If the same quote revision remains mutable, old evidence can point to changed commercial content.

## Decision

After a quote revision leaves DRAFT, material commercial content becomes immutable.
Any material change creates a new quote revision.

## Alternatives Considered

### Mutable quote with audit log

Pros:
- simpler UI mental model
- fewer rows

Cons:
- price/approval/document evidence can become stale or misleading
- audit reconstruction becomes complex
- concurrent edit/approval race is harder

### Immutable revision with new revision on material change

Pros:
- evidence is bound to stable content
- approval freshness is enforceable
- accepted quote can be reproduced
- order conversion has a clear source revision

Cons:
- UI must expose revision history
- storage grows
- amend/revise flows need explicit commands

## Consequences

- quote_revision is the aggregate root for submitted commercial evidence.
- price_result references quote_revision_id.
- approval_decision references quote_revision_id.
- document_artifact references quote_revision_id.
- accepted quote revision can create at most one primary order.

This ADR protects the platform from a common enterprise failure:

A customer accepted version A, the system later shows version B, and nobody can prove what was actually approved.


12. ADRs for Workflow Decisions

Workflow ADRs must be especially precise because workflow systems tend to become invisible coupling points.

Example: Camunda Process Variables Are Not Domain State

# ADR-0018: Treat Camunda 7 Process Variables as Workflow Context, Not Domain State

Date: 2026-07-02
Status: Accepted

## Context

Order fulfillment is orchestrated by Camunda 7.
Process instances need variables for routing, task assignment, worker calls, and correlation.
If full order state is copied into process variables, Camunda history becomes a second source of truth.

## Decision

Camunda variables may store only minimal workflow context:
- tenantId
- orderId
- orderRevision or orderVersion
- businessKey
- fulfillmentPlanId
- current step identifiers
- correlation IDs
- non-authoritative routing hints

Order state remains in Order Service PostgreSQL tables.

## Consequences

- external task workers load fresh order state from Order Service.
- workflow can route but cannot invent business truth.
- process instance migration is simpler.
- operational debugging requires correlation to domain read model.
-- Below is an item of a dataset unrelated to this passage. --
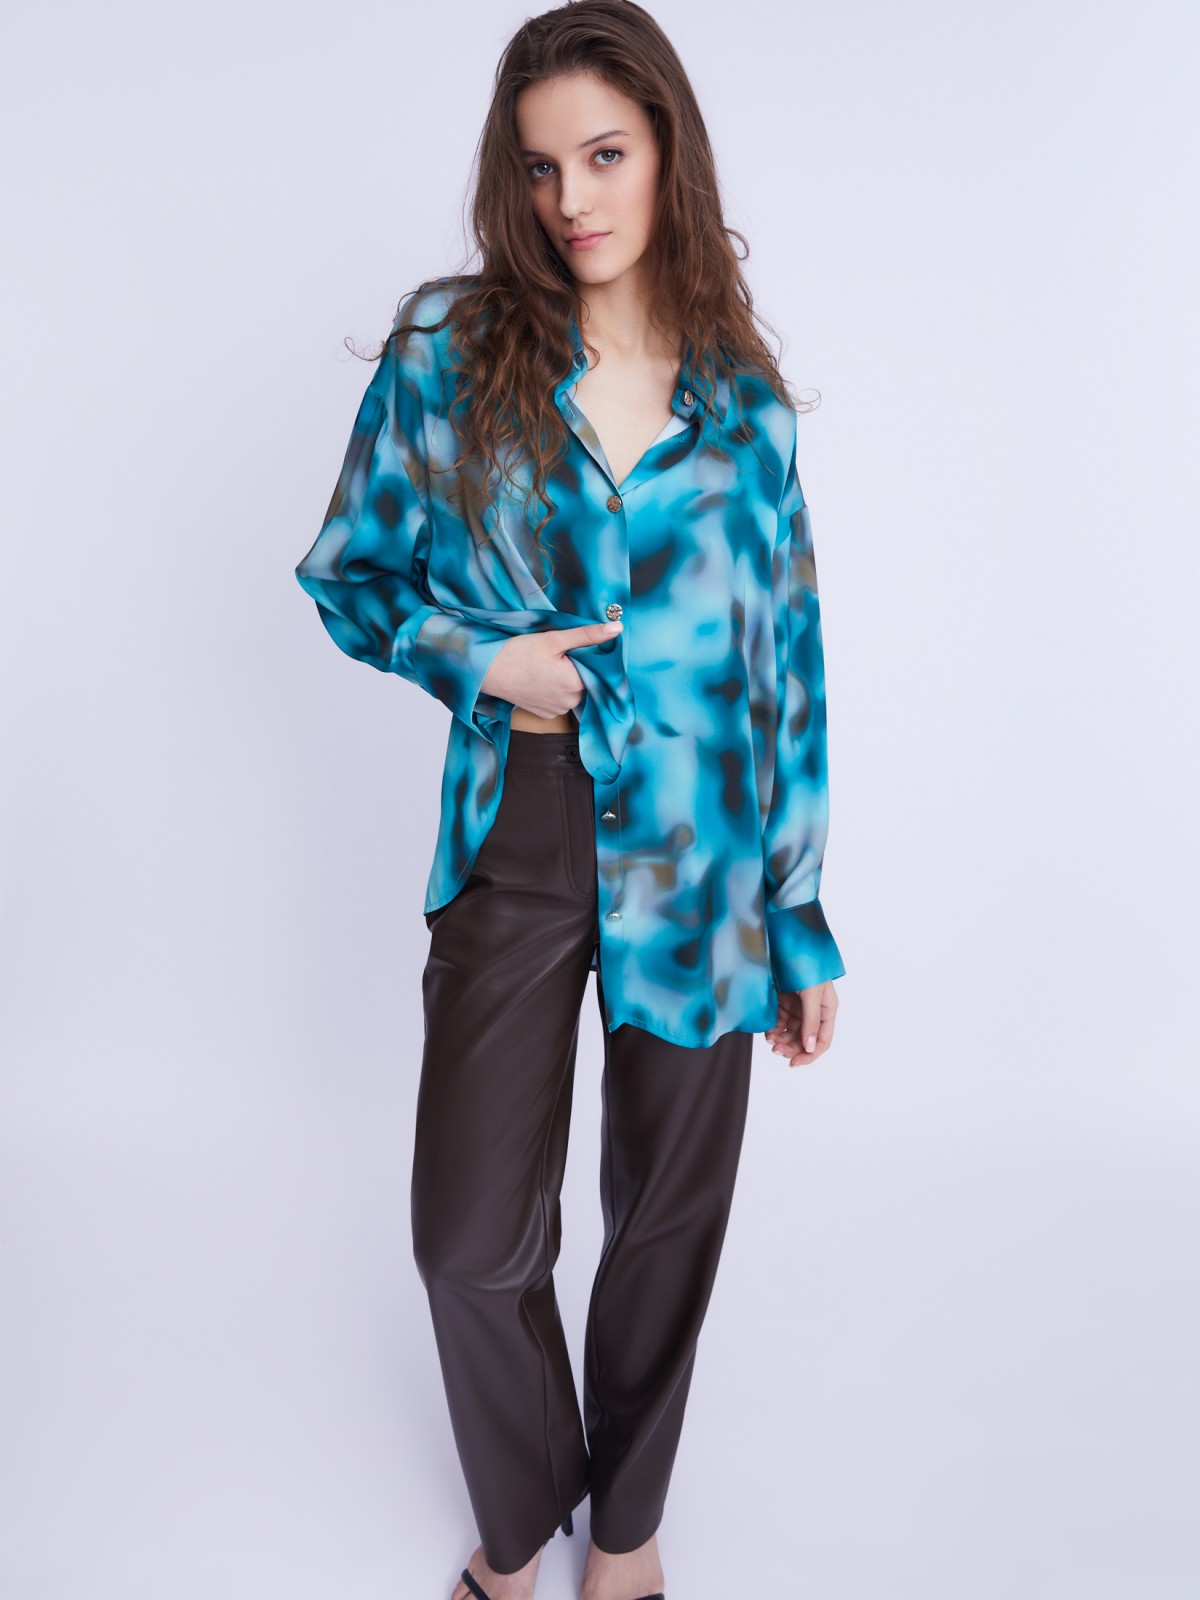 Атласная блузка-рубашка оверсайз силуэта с акцентным принтом zolla 22333117Y041, цвет бирюзовый, размер L - фото 2

This ADR prevents a subtle disaster:

Workflow instance says one thing, Order Service says another, and both claim to be right.
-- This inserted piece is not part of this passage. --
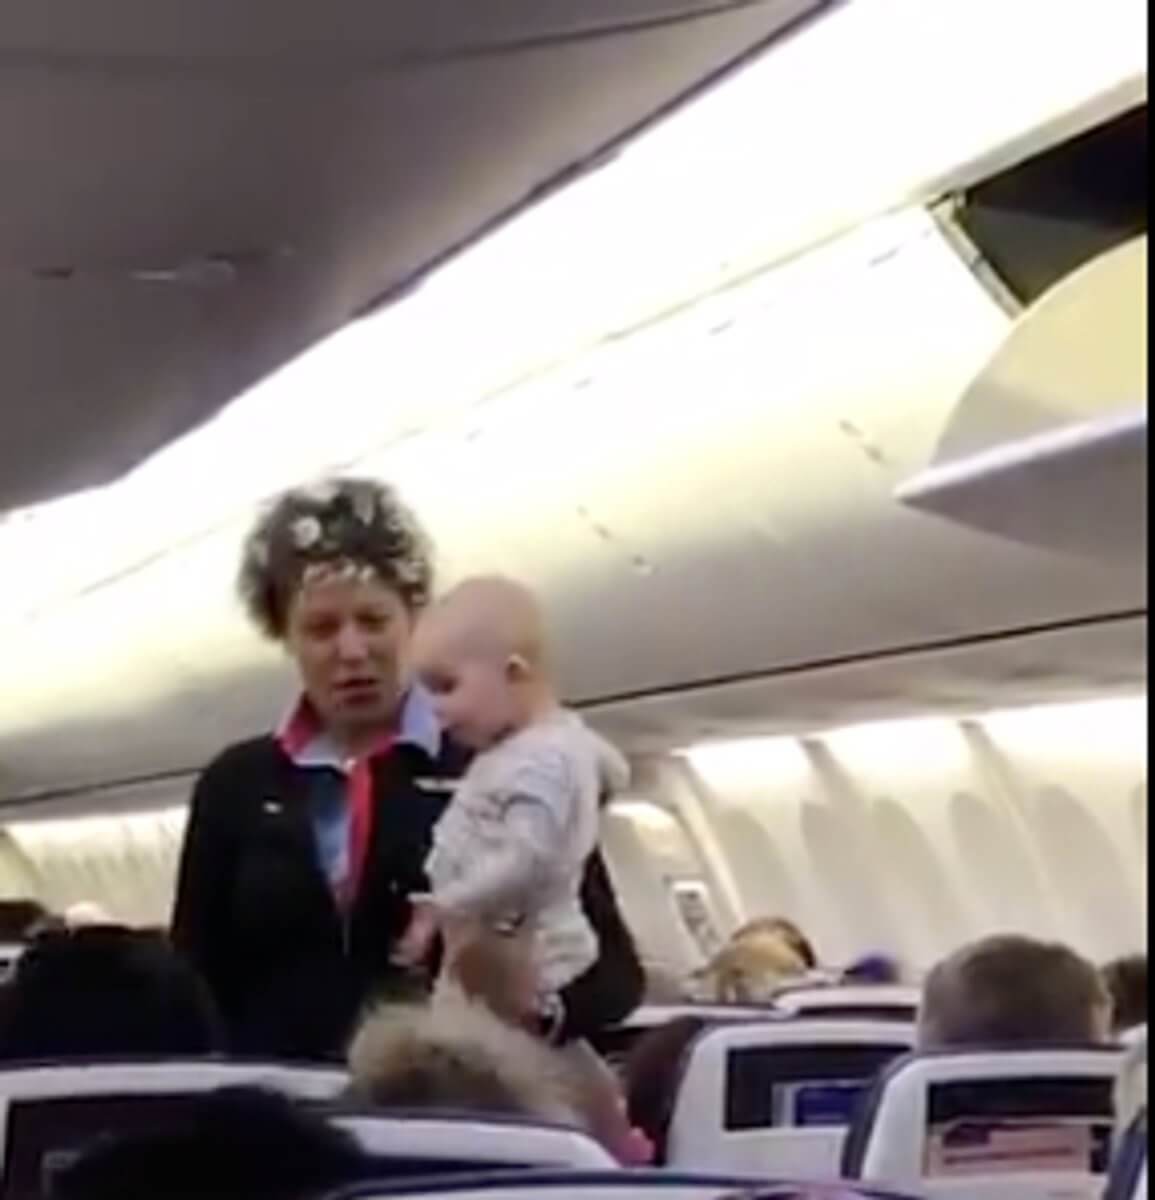 Η κίνηση που έκανε η αεροσυνοδός ηρέμησε το μωρό [video]

13. ADRs for Integration Decisions

Integration ADRs must explicitly define authority.

Example: Billing Handoff Is Asynchronous

# ADR-0023: Use Asynchronous Billing Handoff With Reconciliation

Date: 2026-07-02
Status: Accepted

## Context

Order fulfillment eventually needs billing activation.
Billing system owns invoices, charges, tax handling, receivables, and payment status.
OMS owns order lifecycle and billing handoff state.
Synchronous billing activation would couple order completion latency to billing availability.

## Decision

OMS emits BillingActivationRequested through Kafka after order line reaches BILLING_READY.
Billing responds through BillingActivationAccepted, BillingActivationRejected, or status query reconciliation.
OMS tracks billing handoff state locally and creates fallout after SLA breach.

## Consequences

- order lifecycle can represent BILLING_PENDING.
- OMS must reconcile unknown handoff outcomes.
- billing request uses business idempotency key.
- billing events must include orderId, orderLineId, tenantId, requestId, and billingSystemReference if known.

The ADR names the contract between authorities.

Without that, integration becomes guesswork.


14. ADRs for Data Decisions

Data ADRs should state what truth is stored, what is derived, and what can be rebuilt.

# ADR-0028: Use Projection Tables for Quote and Order Operational Search

Date: 2026-07-02
Status: Accepted

## Context

Operations need fast search across quote/order/workflow fields.
The write model is normalized around lifecycle correctness.
Using write tables directly for search would create complex joins and authorization leakage risk.

## Decision

Use projection tables for operational search.
Projection tables are rebuilt from authoritative domain tables and events.
They are derived, not authoritative.

## Consequences

- projection lag must be visible.
- command decisions must not depend on projection tables.
- projection rebuild job is required.
- search API must expose freshness metadata.

Data ADRs should prevent this sentence:

This table was originally a report table, but now some commands depend on it.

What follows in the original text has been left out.